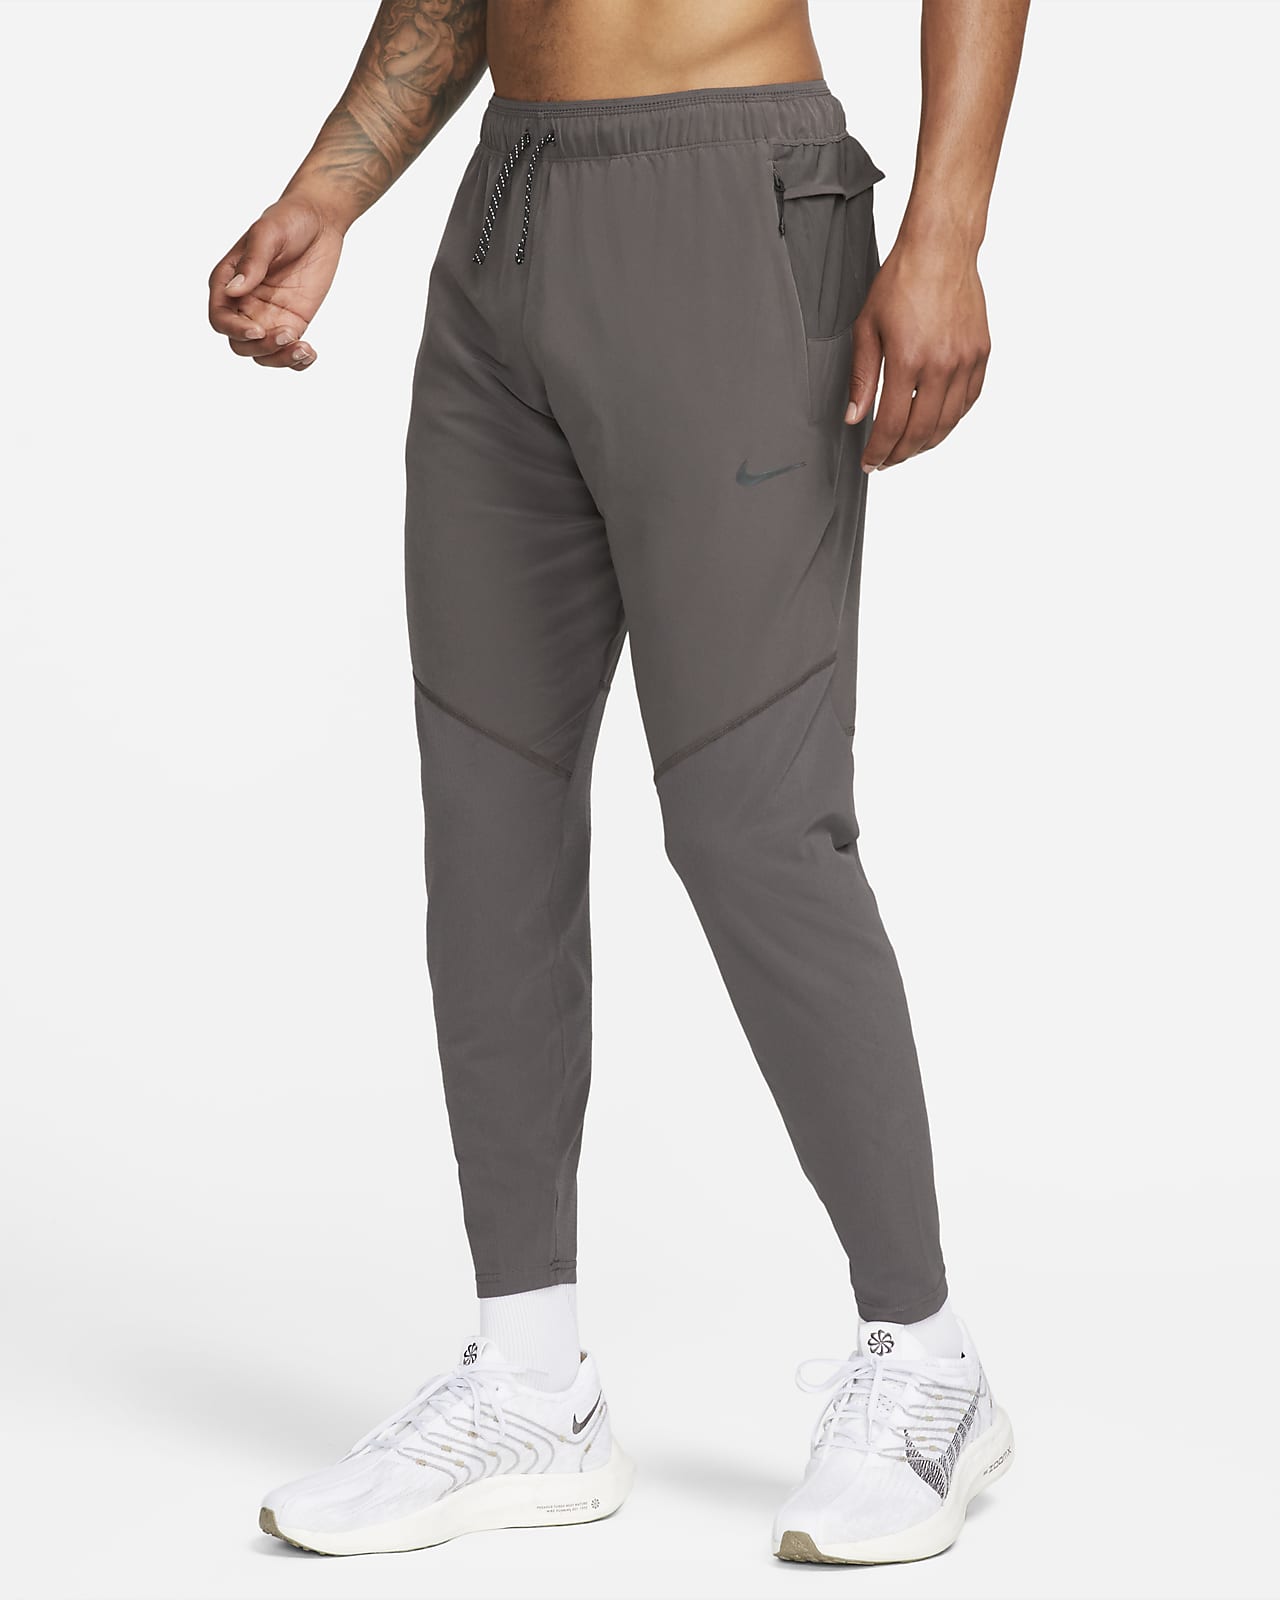 Nike Dri-Fit Trouser pants, Men's Fashion, Bottoms, Trousers on Carousell
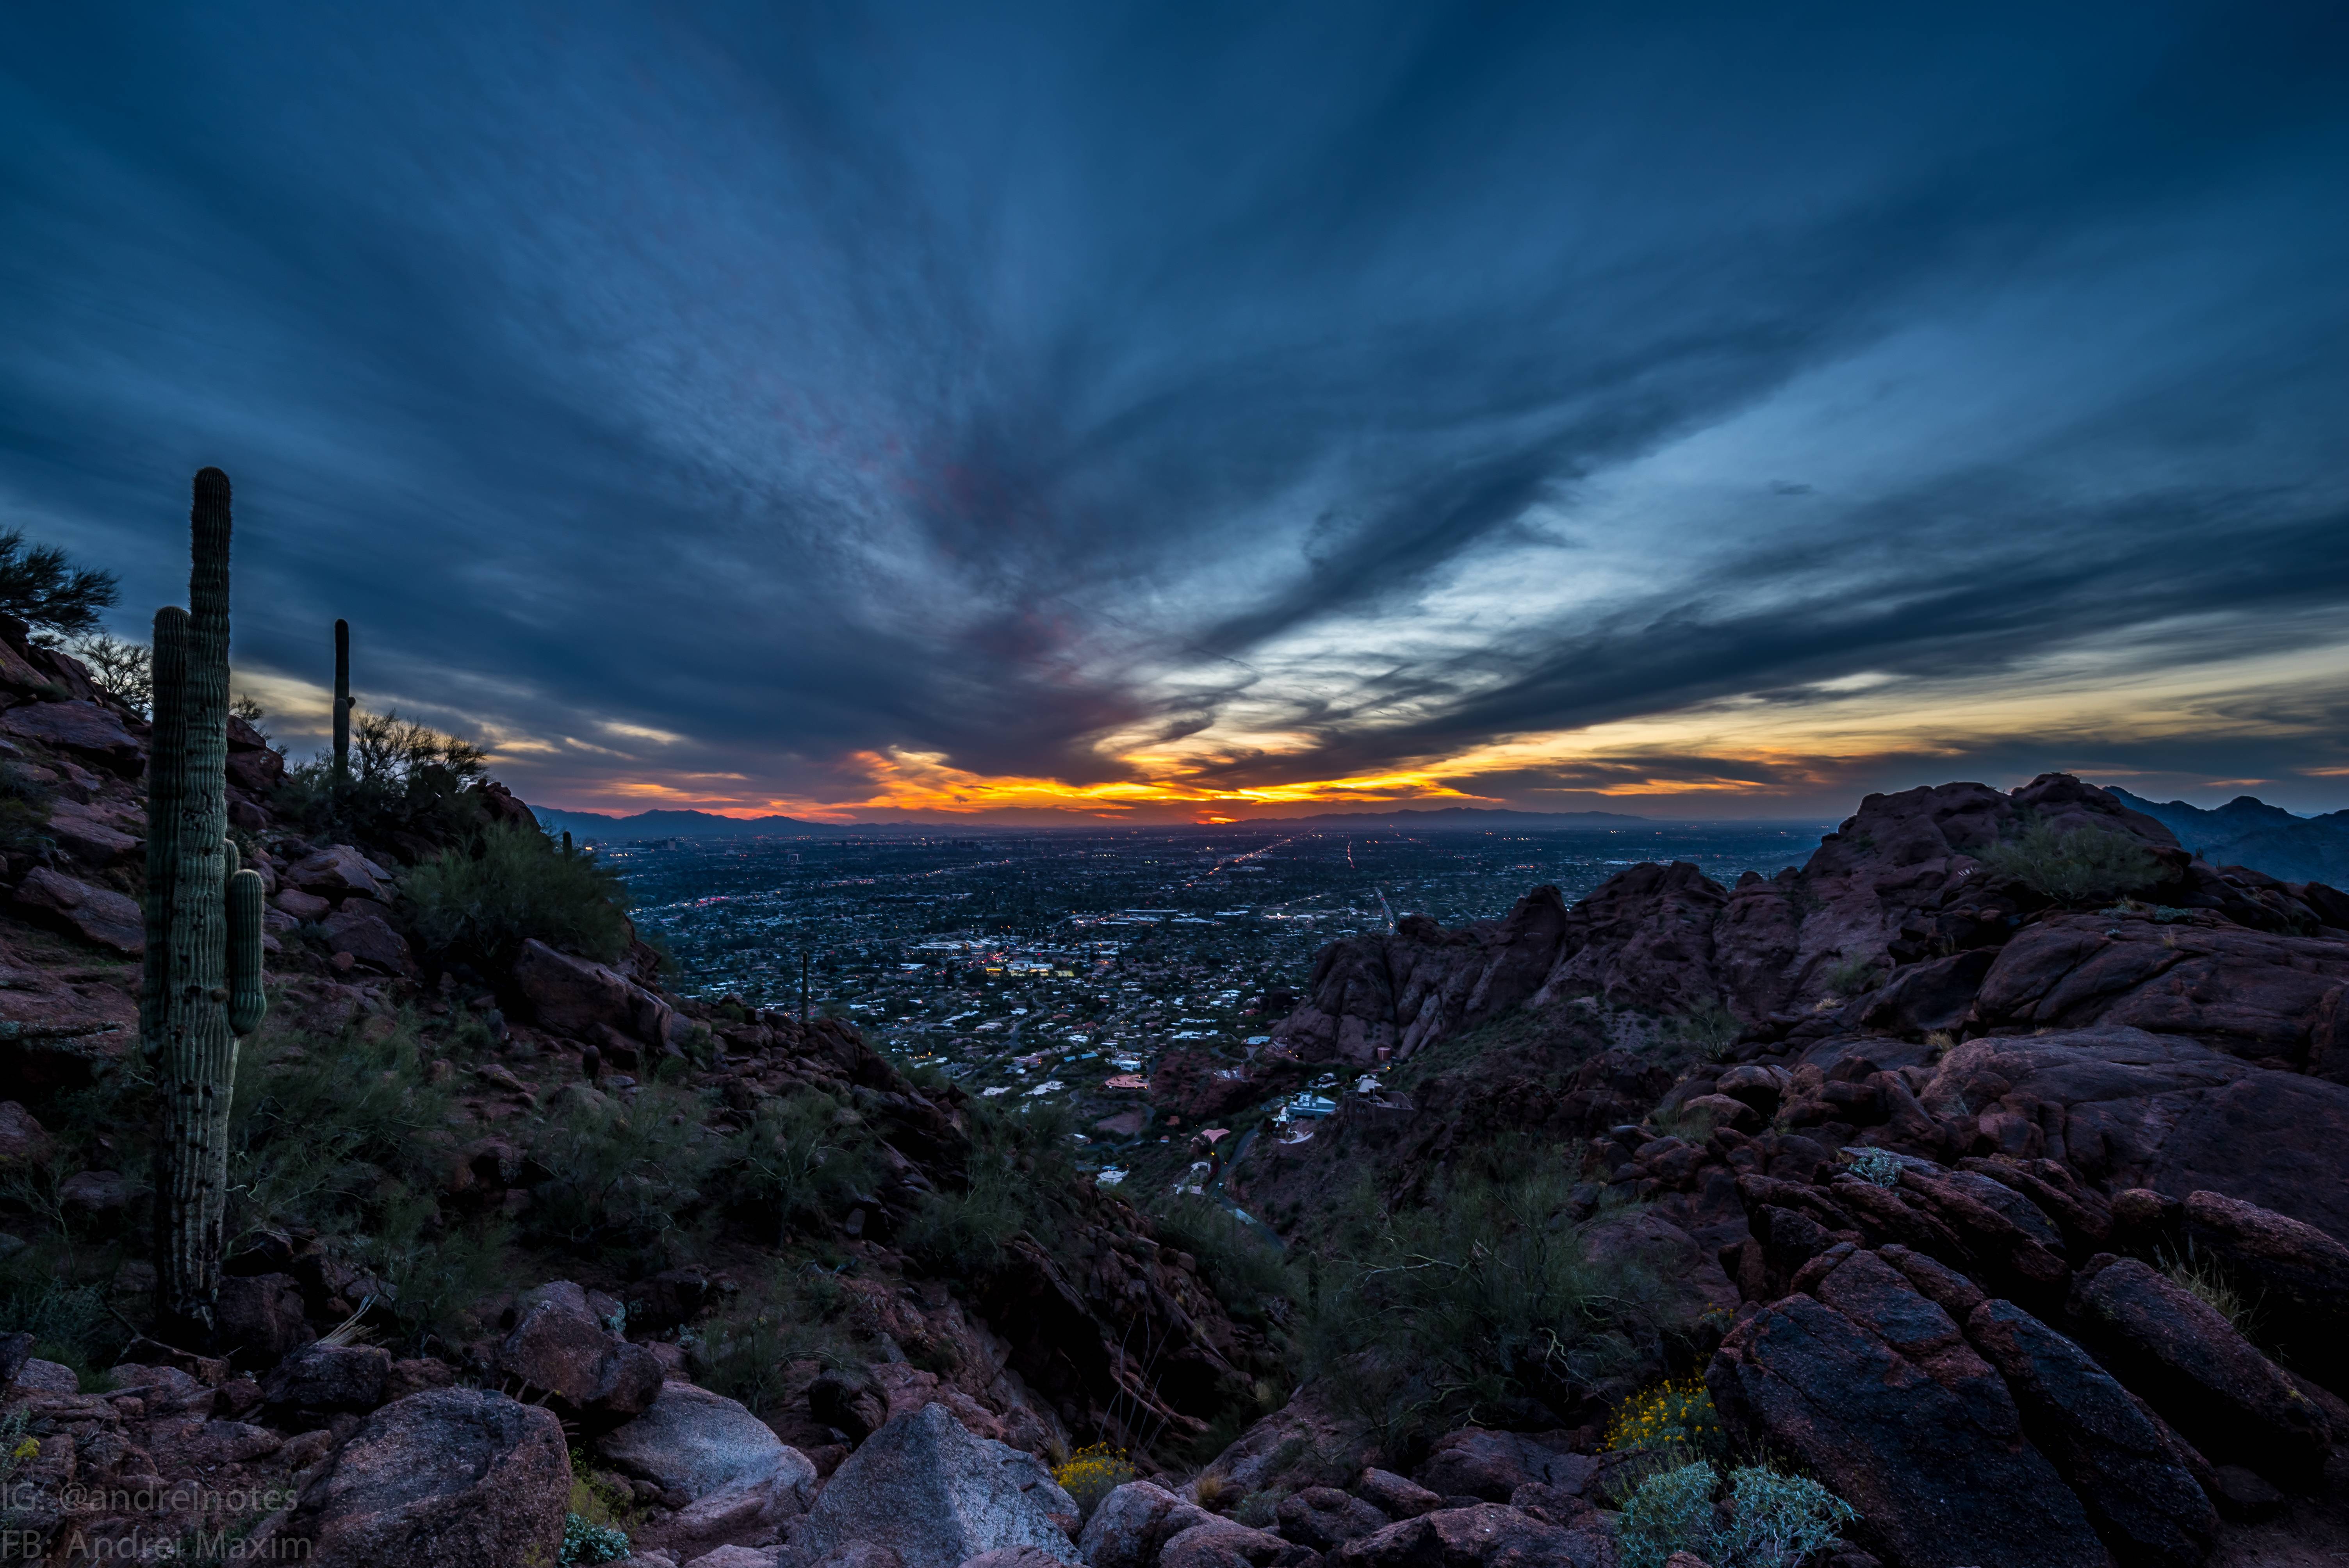 Sunset tonight at the Camelback mountain, Phoenix, Arizona
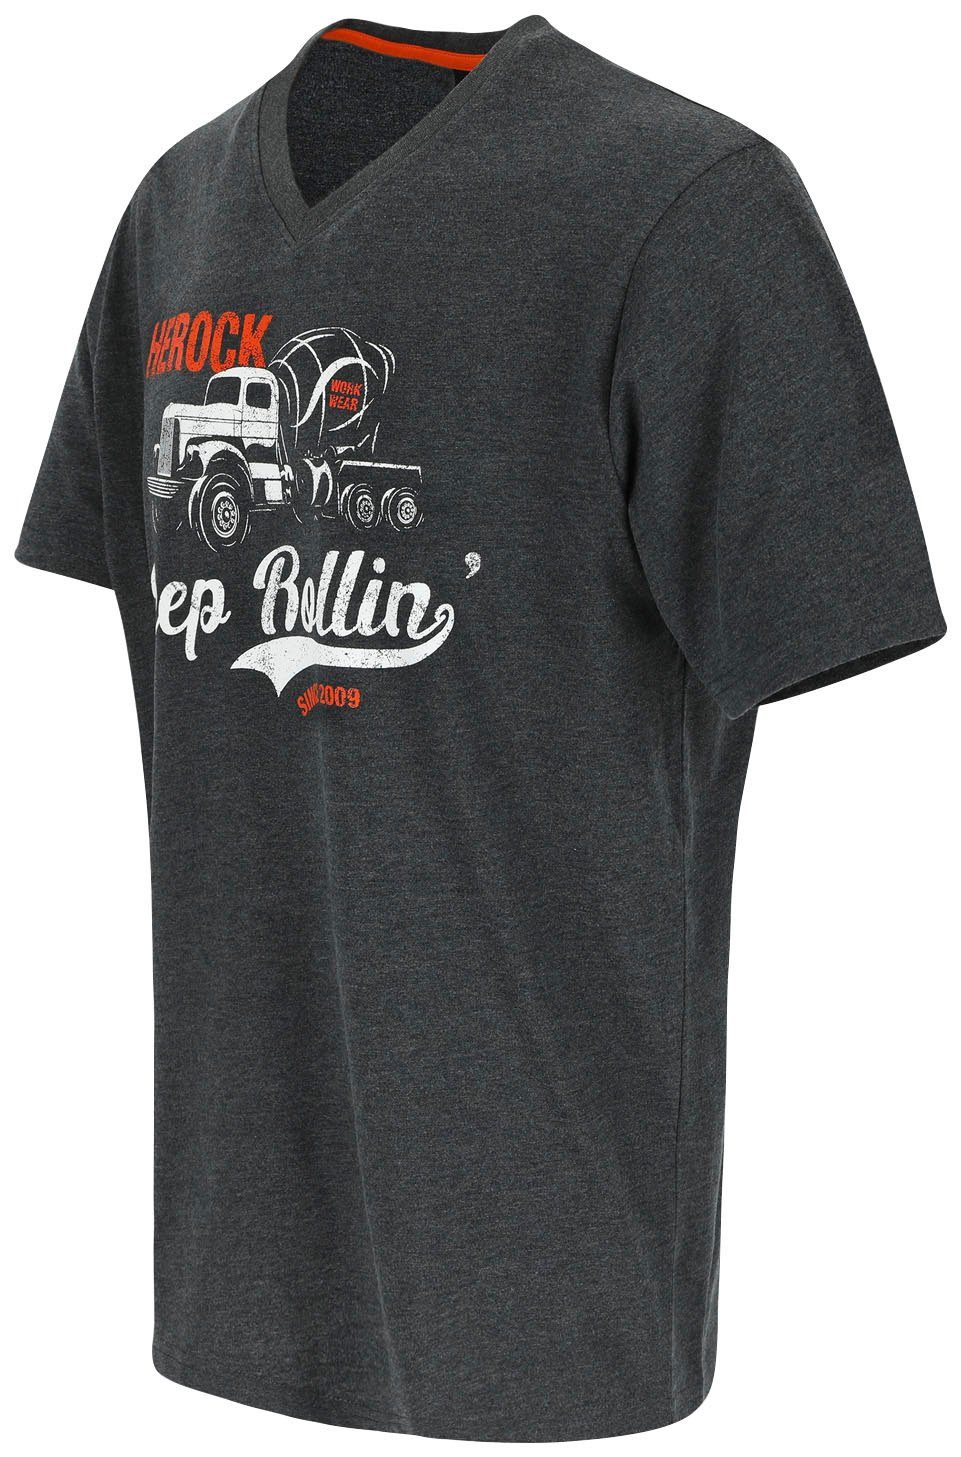 Herock T-Shirt Rollin Edition Limited
•••••
* [WHAT TO WORK ON]: I'd like the material duplicated exactly, without its pictures.

* [EXERCISE ANSWER]:
 Nike Dri-Fit Trouser pants, Men's Fashion, Bottoms, Trousers on Carousell
 Sunset tonight at the Camelback mountain, Phoenix, Arizona
 Herock T-Shirt Rollin Edition Limited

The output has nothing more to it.